I always leave conferences with one session in my head that stands out above the rest. I just returned from the Sloan C International Conference on Asynchronous Learning Networks and would cite a session on “Using Intelligent Agents” as that one session. In case you are unfamiliar with the term here is a link to the Wikipedia definition for intelligent agents.
Steve Knode of the University of Maryland University College was the presenter. His overlying premise was that vast quantities of information are easily findable now but the ability to effectively filter and fuse the information for specific users and circumstances makes for shallow knowledge and analysis. As intelligent agents, now in first generation, continue to develop, information will continue to increase in relevance and depth. The agents themselves will better learn and adapt to users and circumstances.

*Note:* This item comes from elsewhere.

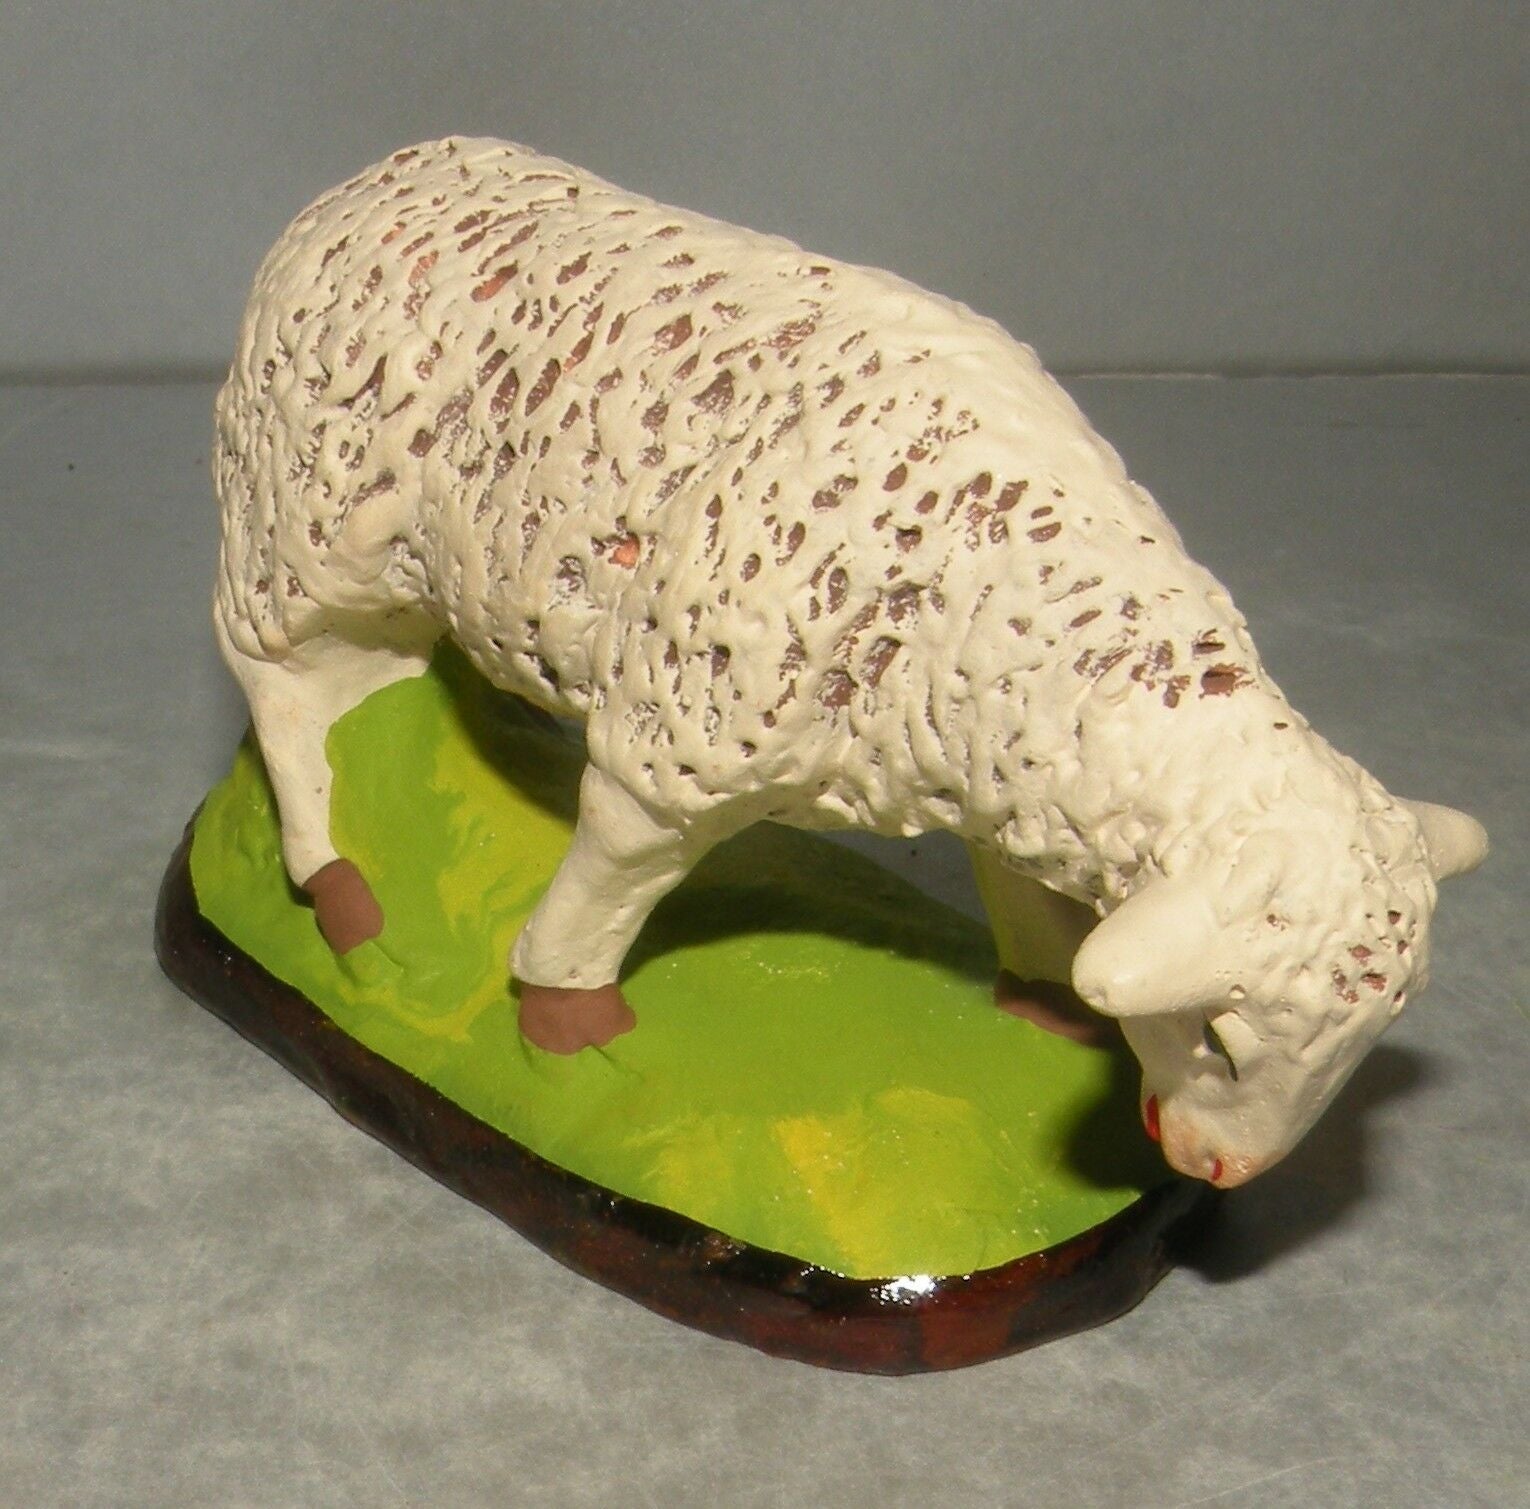 Sheep eating, Carbonel, N. 5

How will this further learning? I was running various scenarios in my head throughout the presentation as to how really effective bot development could change the learning landscape. The one futuristic scenario I keep seeing is that scores of highly intelligent and adaptive agents could be developed, each for specific content areas. Likewise, these bots could be mixed and match for hybrid topics or creating new topics. As long as there was a standard for interoperability, it would be easy for learning architects to add bots to specific challenges in learning modules, simulations or games as learning support. When a learner needed just-in-time information, it would be instantly available locally in the sim or module and completely “fused and filtered” per the users questions and circumstances. Best yet, the bot would itself be learning from the learners themselves and readjusting how it delivered its results.